P. Y. Hsu, L. G. Miller, G. A. Deis, Y. D. Harker, G. R. Longhurst, T. S. Born, E. H. Ottewitte, K. D. Watts
Fusion Science and Technology | Volume 4 | Number 2 | September 1983 | Pages 1216-1221
Blanket and First Wall Engineering | doi.org/10.13182/FST83-A23023
Articles are hosted by Taylor and Francis Online.
A large-volume, distributed, pulsed, 14 MeV neutron source, which utilizes the high powered (270-GW) Power Burst Facility (PBF) at the Idaho National Engineering Laboratory, is described. The concept of utilizing existing fission test reactors to test fusion first wall/blanket (FW/B) components and systems has been adequately documented. In all previous scenarios, the normal fission spectrum (including tailoring) was shown to produce adequate heating profiles and some tritium breeding. However, one recognized shortcoming has been the absence of the 14 MeV neutron component. This paper describes a scheme whereby the fission neutrons would be employed to produce the desired 14 MeV component.
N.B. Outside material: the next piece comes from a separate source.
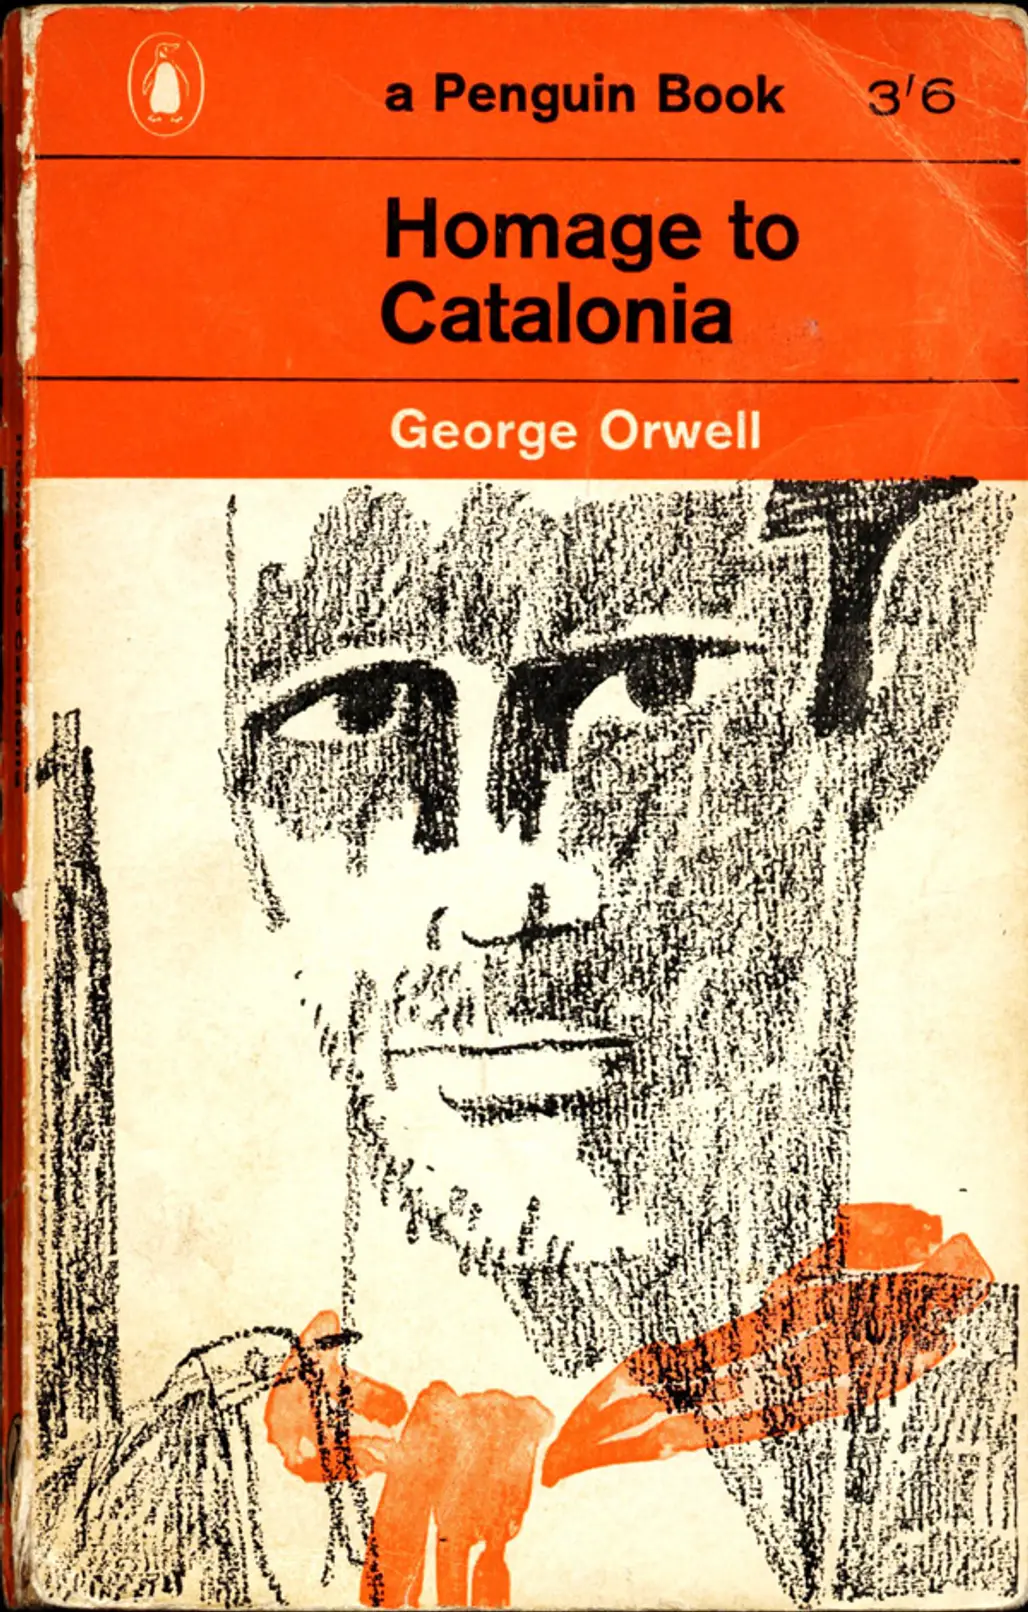 Homage to Catalonia: by George Orwell

The data obtained from tests in this large-volume [20 em (8 in.) in diameter and 90 em (36 in.) in length], distributed neutron source will pertain to both near-term (Tokamak Fusion Test Reactor—TFTR) and future pulsed fusion machines. Specifically, application requiring high flux but low fluence is foreseen in the areas of dosimetry benchmarking for tritium breeding performance code verification. As a general purpose, FW/B integrated technology development capability, the PBF is shown to be pertinent to addressing the bulk-heated, solid breeder blanket thermal and mechanical issues; tritium permeation in the presence of radiation, and barrier development in the prototypical radiation environment associated with the first wall; issues associated with the technology of breeder materials; and in situ tritium recovery process characterization and system development.